It seems that every day I work in the emergency department, I’m amazed by yet another hard reality of modern medicine.  One of the most striking is that a great many physicians don’t want to be physicians anymore.  I mean, they want the title and the money, but the hard work of being with people, caring for the sick, touching them, investing in them…well that’s a little too far off their radar.

Examples?  Primary care doctors who do a cursory exam and then send the patient to the ER for the ‘pre-admission’ physical by the ER doctor.  Read:  ‘I’m too busy to do this, so someone else needs to do the evaluation for me.’  Physical exam and history, connection, once the mainstay and high glory of primary care, too often considered an inconvenience.

Specialist?  How about surgeons for whom operating was once the greatest thrill of all, but who now put off the appendectomy for 12 hours to finish the office.  Surgeons who try to find every reason to transfer the trauma, or the kid, or the complicated anything, and who want to admit to internists and only consult.  Surgeons who want me to evaluate post-op complications.  In years past, a surgeon would chew your arm off if you removed the dressing he placed on his patient!

Cardiologists?  Cardiologists in smaller hospitals who find acute myocardial infarction, heart attack, to be a really annoying interruption to their day of diagnostic cardiac caths and stress tests, and who say of resuscitations:  ‘I’m too far away to make a difference.  do your best.’

Neurologists who don’t want to admit or treat strokes acutely, but want them admitted to someone else, or transferred out of town to ‘stroke centers.’

Pediatricians who don’t want to take call.  ER doctors who only want to order tests and call an admitting doctor, without actually evaluating the problem.

Neurosurgeons who would rather berate than operate.

I could go on and on.
But there are the patients, you see.  Patients who refuse to take any responsibility for themselves.  Who won’t buy the $4 prescription you make pains to write, so that they can get it at WalMart.  Patients who smoke two packs a day years after their expensive bypass surgery.  Pregnant children whose parents smile about the new grand-baby, then raise it themselves while their daughters become pregnant by yet another pimply faced teen or street thug; parents who raise those pimply-faced teens and thugs, and say ‘boys will be boys.’  All of them who say, ‘don’t you got nothing to give me for pain?  Lortab don’t do nothing for me!’  All of them who see the gift of free care given to them, not as a kindness, but as an entitlement which the government, or the rich, owe them.
College students addicted to ADHD drugs, and who sell them at finals.  Colleges who tell their students to keep having sex with whomever they want, irrespective of the explosion of STD’s that plague health departments, ER’s and student health clinics.

Young men and women desparate to get the magic golden ticket…disability!  High holy grail of all things.  Drunk drivers arrested and arrested and arrested, who cuss and fume and threaten the staff, but who don’t understand why they aren’t treated with mints on the pillow.

Even the insured, who in their insured comfort feel that all insurance has to do with a giant pot of money, and that anything they want should be ordered, because they want it. Generation after generation of men and women, boys and girls allowed to think that pills and procedures, X-rays and CT scans are the answer to their inner emptiness, and who seek those things like men once sought God.

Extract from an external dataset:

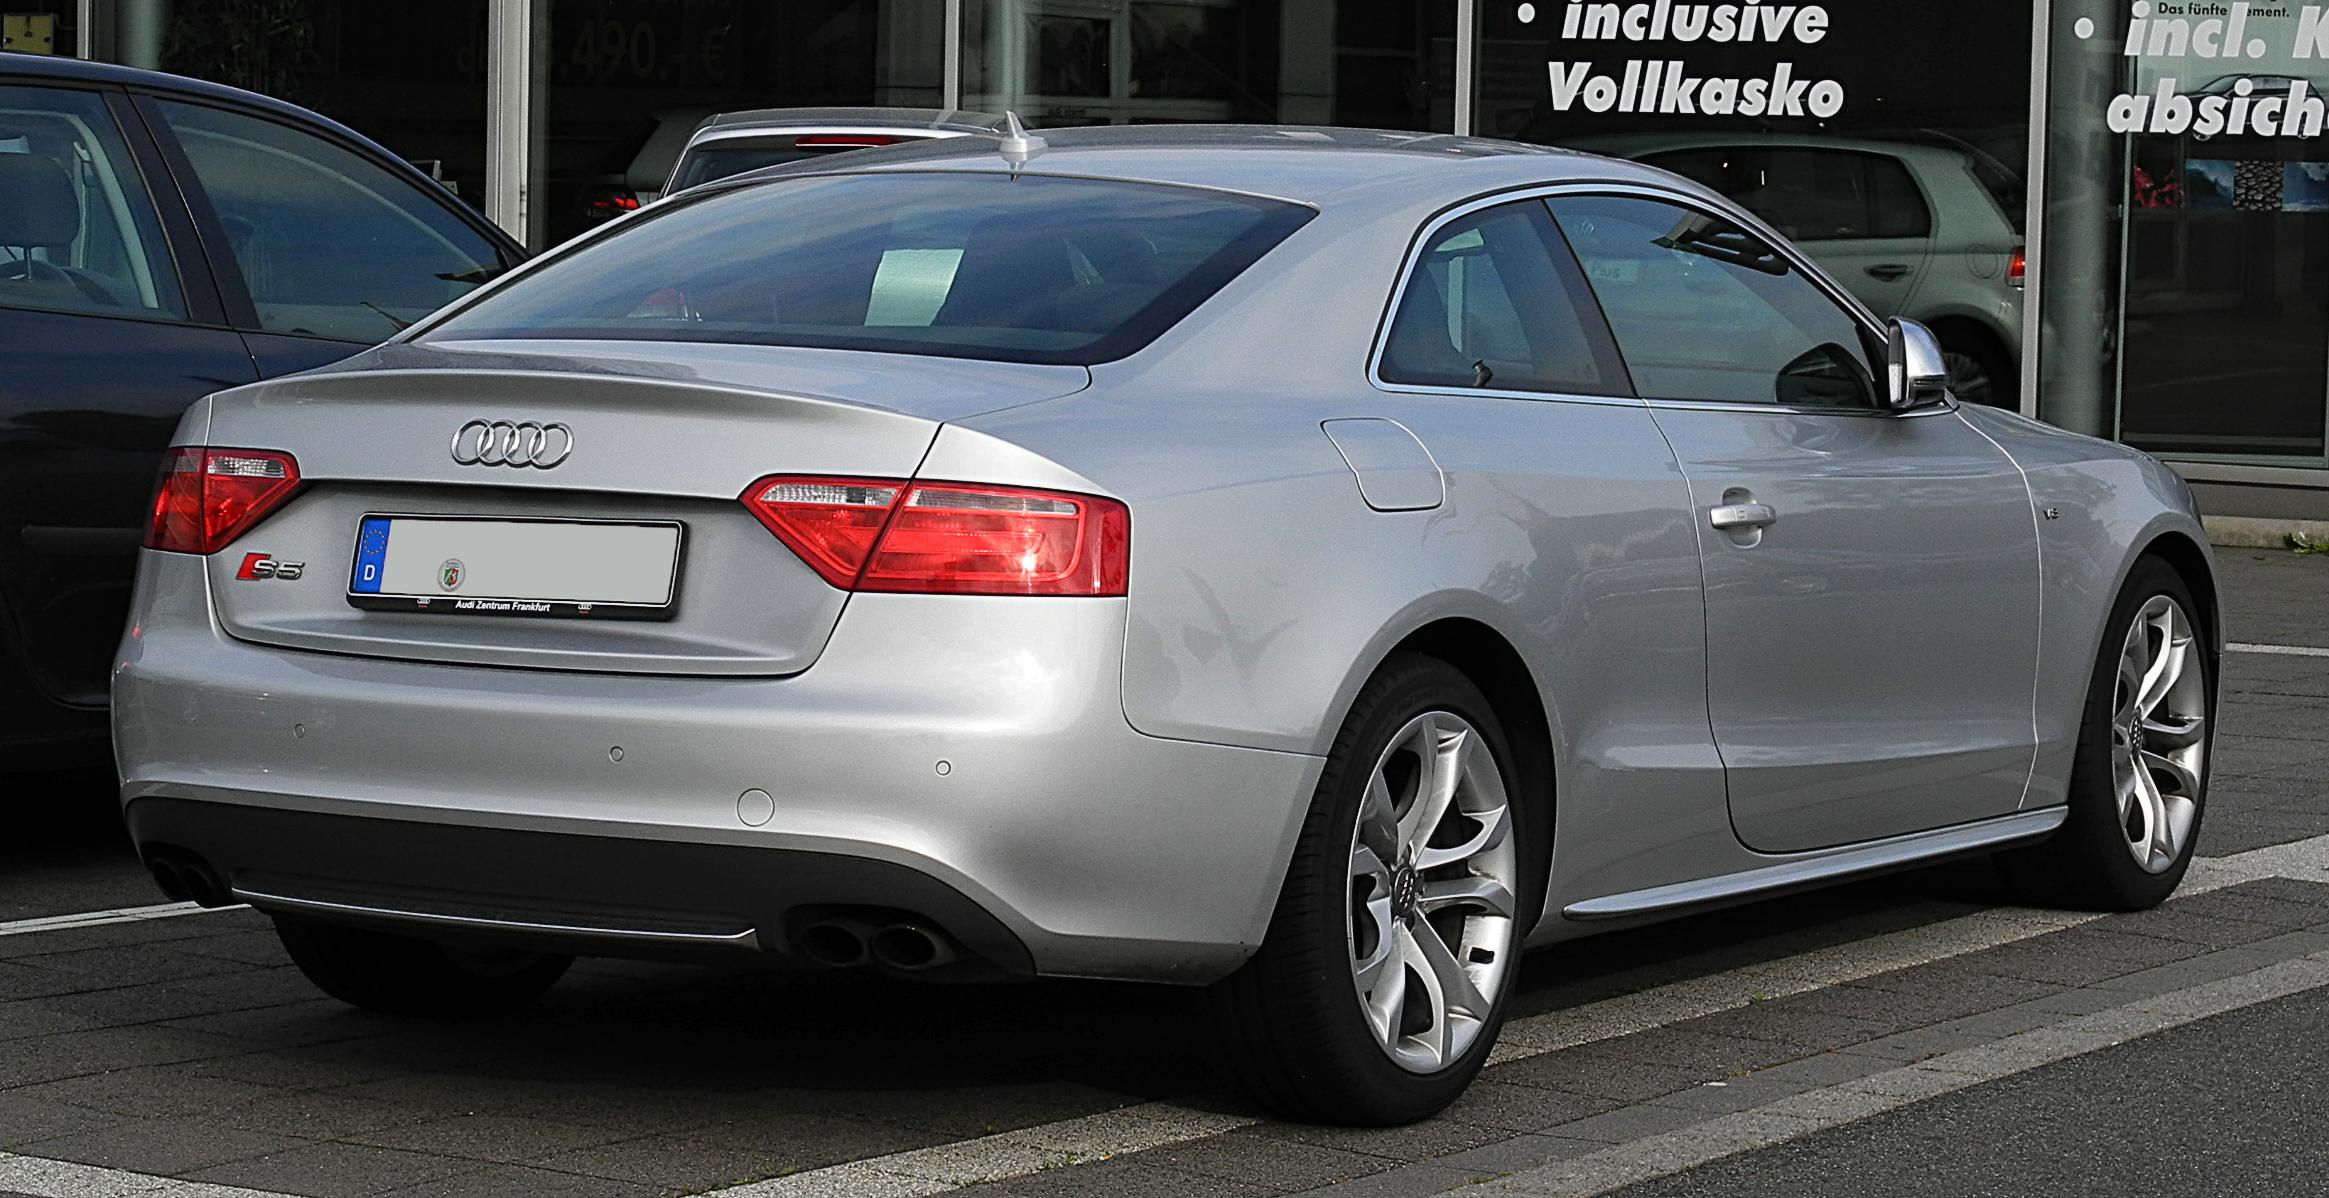 Build Your Own Audi >> File:Audi S5 Coupé – Heckansicht, 3. Juli 2011, Velbert.jpg - Wikimedia Commons

And let’s not leave out the well-meaning administrators, politicians, policy-makers and social researchers, those separated from reality by a vast gulf filled with a thick, politically-correct, self-deceiving fog.  They  pontificate in board-rooms about equal access, and patient satisfaction; about through-put times and access, non-discrimination and sensitivity.  These people who go home at 5PM when the ER is still overwhelmed and trying to find places to put people against walls, so they can be watched with the barest margin of safety.  These administrators who can’t fathom how anyone might snap, lash-out, be unkind, abrupt or (Saints preserve us!) candid with their abusive fellow staff and patients.

See, it’s all melting down.  We have, indeed, some of the very best medical care in the entire world. But we’re destroying it.  Doctors abused by insurers and government rules, doctors spoiled and sometimes cold-hearted from a cold, mechanistic education.  Doctors who are so burnt out from the volume and demands of the current incarnation of socialism that they see patients not as suffering humans, not even as customers, but as assailants.

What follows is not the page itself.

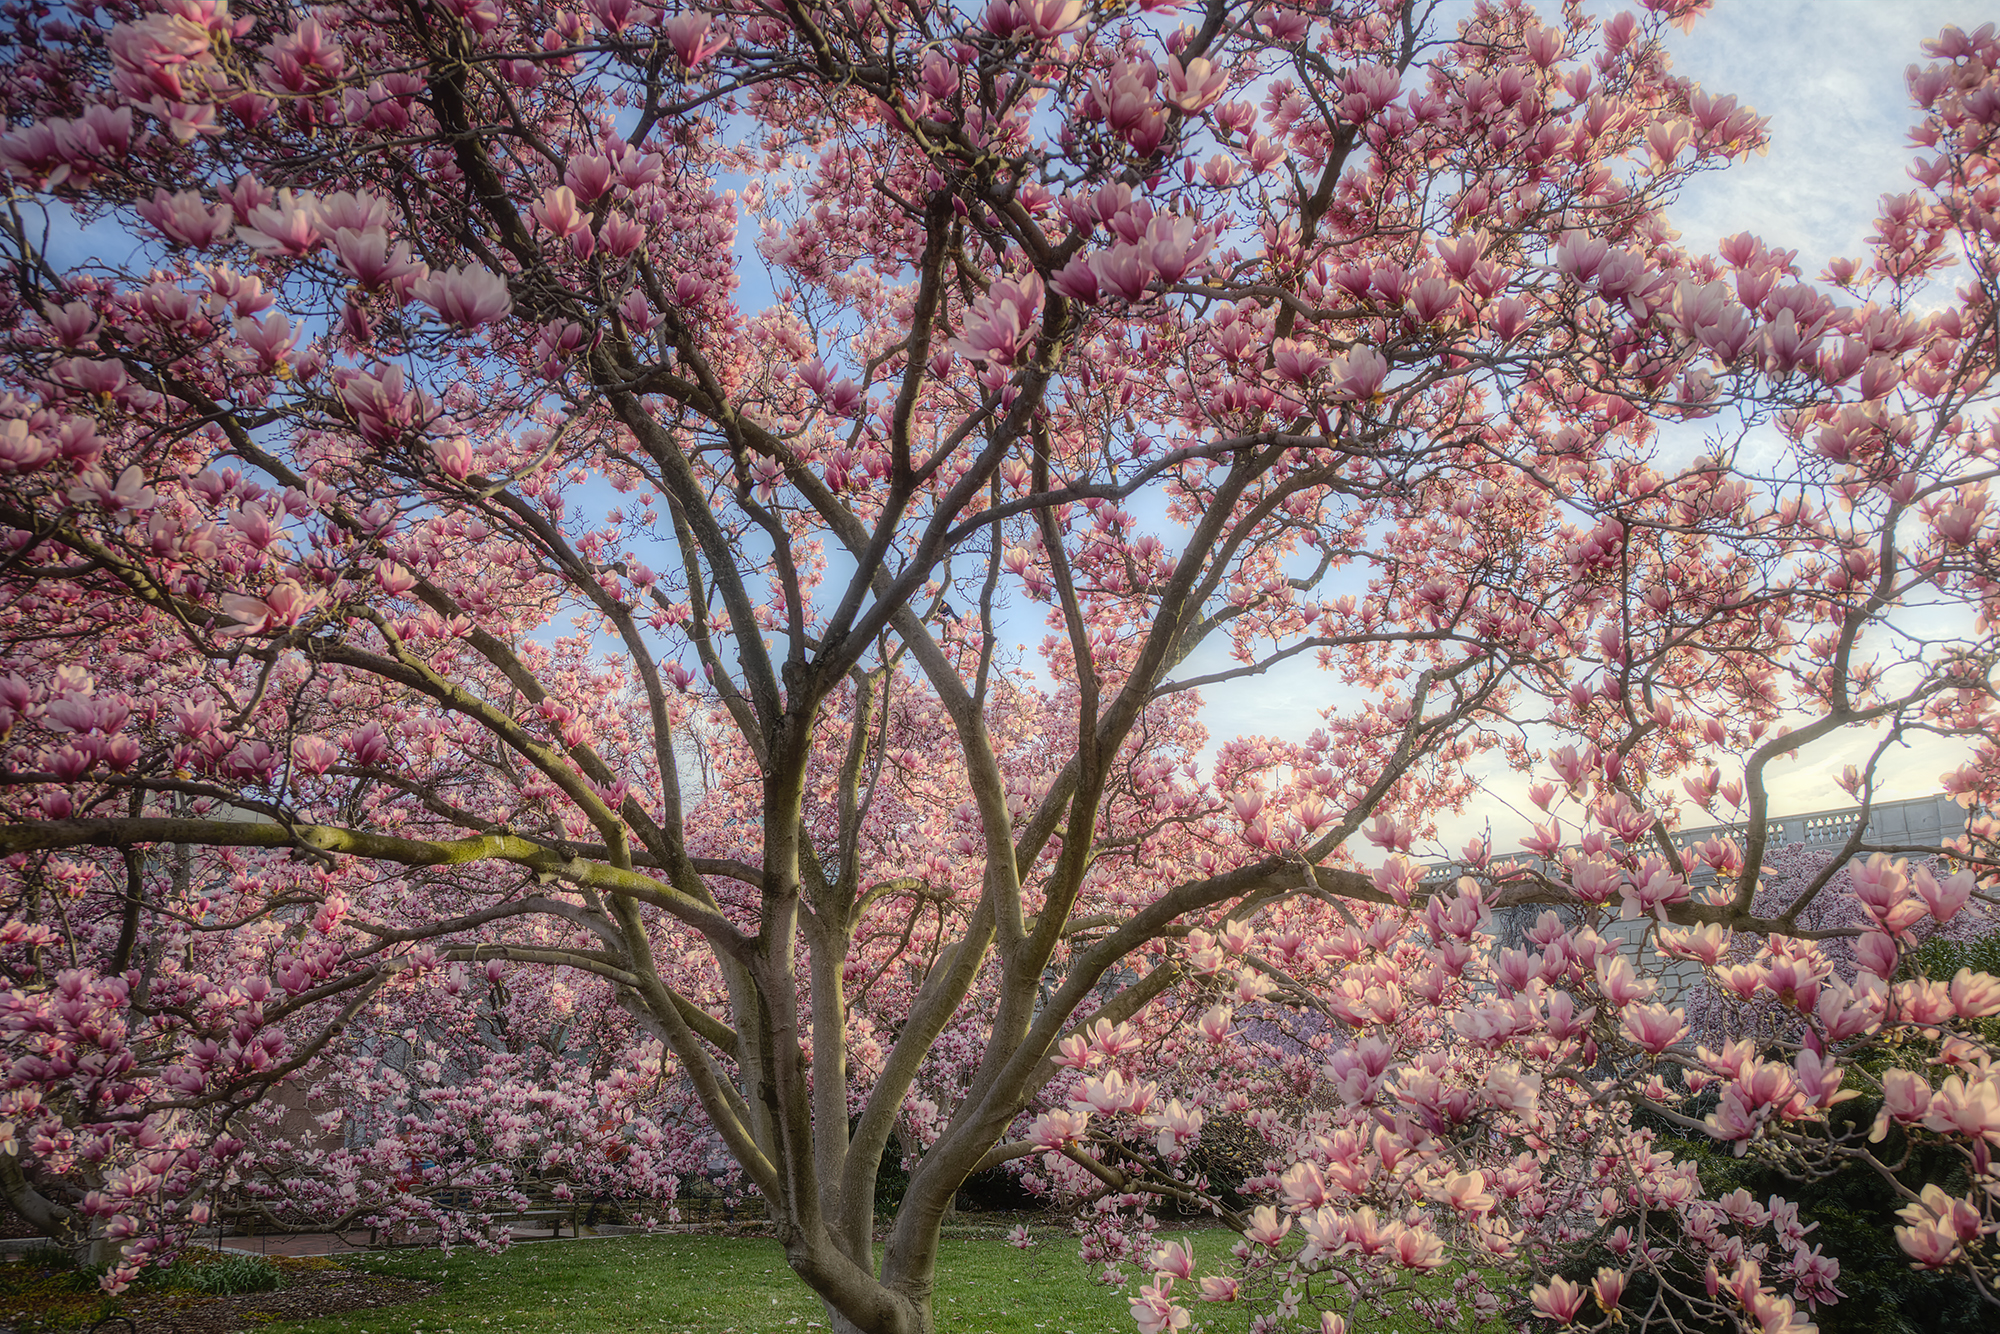 Free Photo Magnolia Trees Blooming Flower Fragrance Free Download Jooinn

Patients refusing to be any part of their own well-being; patients wanting all the best of everything, all the time, with little to now investment of their own money.  ‘What, my own money for health?  Are you crazy?’

And a system of government madness, regulatory ineptitude, insurer abuse and administrative neglect and distance that glues it all together in a macabre collage of inefficiency.

Most of the doctors aren’t the problem.  Most of the patients aren’t the problem.  But there are significant numbers of both.  It doesn’t take much to bring down a system teetering like ours.

What will we do when the patients want to much, the doctors want to much, and no one has anything else to give?

I just don’t know.  I hope we figure it out before-hand.

Pray, hard, now that we keep having doctors, and health-care, in our country.